El pabellón psiquiátrico contenía cincuenta camas. Las altas paredes y techos estaban pintados de verde claro, y las palabras de su conversación resonaban como si estuvieran gritando. Viejas lámparas art-deco colgaban del techo como amasijos festoneados, inundando a vetas la habitación con sombras bien definidas. El ruido era claramente abrumador; los pacientes reaccionaban con fuerza al serial nocturno que contemplaban en la sala de recreo adjunta.

—Perdimos a Willy anoche —dijo Frankel, mientras se dirigían al grupito de personas al otro lado de la sala.

—¿Qué sucedió? ¿La vesícula biliar?

Frankel asintió.

—Reynolds lo abrió anoche, y decidió limpiarla y drenarla en vez de quitarla.

—Típico de Reynolds.

—Sí. Al cerrar, decidió hacerlo con una hilera de puntos metálicos.

—¿No cerró el peritoneo?

—Demasiado trabajo —dijo Frankel, con la voz teñida de amargura—. Cuando la enfermera del turno noche fue a comprobar, lo encontró destripado, la herida abierta y los intestinos fuera de la cavidad abdominal. Llamó a Reynolds, y ¿sabes lo que le dijo? Que volviera a meter los intestinos y lo vendara bien.

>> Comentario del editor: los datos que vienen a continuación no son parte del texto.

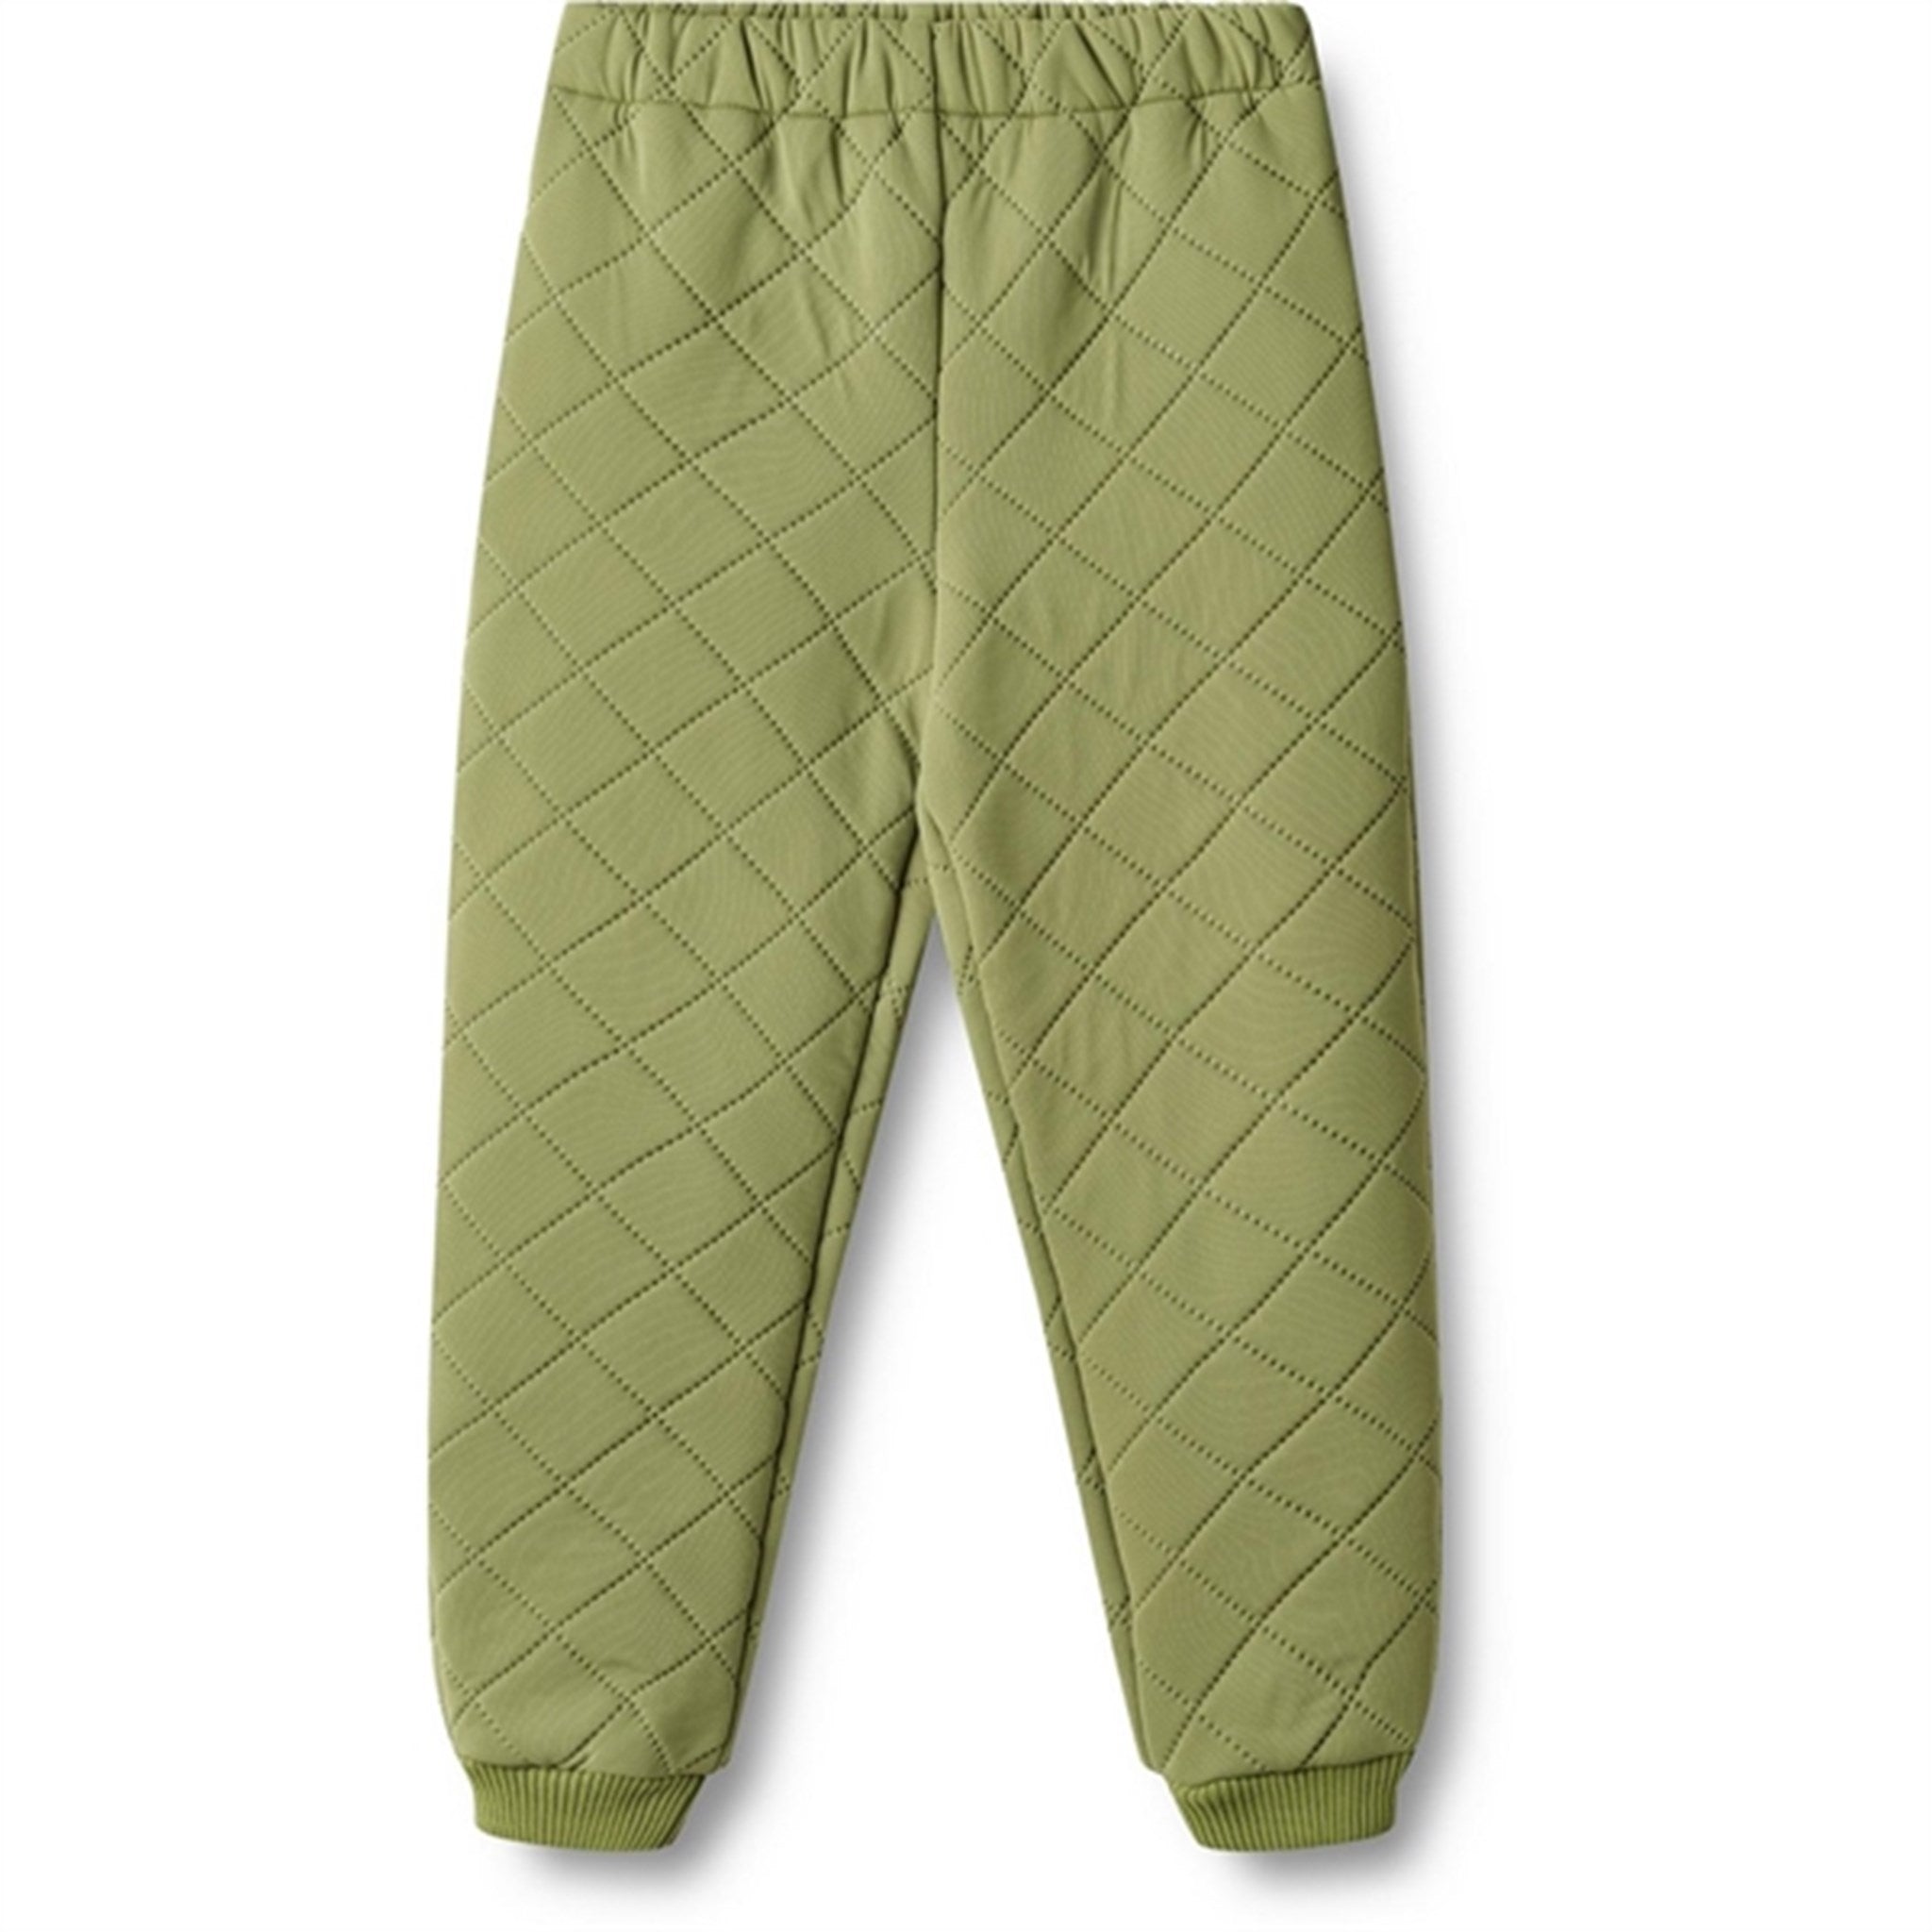 Wheat Thermo Chive Pants Alex 2

Luego se «pasó» a verlo por la mañana, y encontró a Willy muerto.

—Hospital Estatal —dijo David.

—No seas cruel con Sara. —Frankel le apoyó una mano en el brazo, para hacer que se detuviera—. Hace mucho tiempo, la diagnostiqué como esquizofrénica y retentiva anal. Busca alguna transferencia con ella. Cíñete a lo básico.

—Mo, no tiene mente con la que trabajar —dijo David—. Al menos, no mente consciente. Tú lo sabes.

—No dije que fuera fácil. Los psiquiatras se especializan en sus propias anormalidades. Piénsalo. Ponte en su lugar. No la trates como lo hacen los demás. No seas como Reynolds.

David se metió la mano en el bolsillo y sacó la cinta.

—Haré un trato contigo —ofreció—. Escucha esta cinta y, si sigues pensando que voy por mal camino, dejaré la hipnosis y haré lo que tú digas.

Frankel extendió la mano enguantada y David colocó la cinta en ella, como si fuera un bebé recién nacido.

—Quiero ayudarla de verdad.

Frankel pareció mirar a un millón de kilómetros más allá de David.

—Y ayudarte a ti mismo a la vez, ¿no?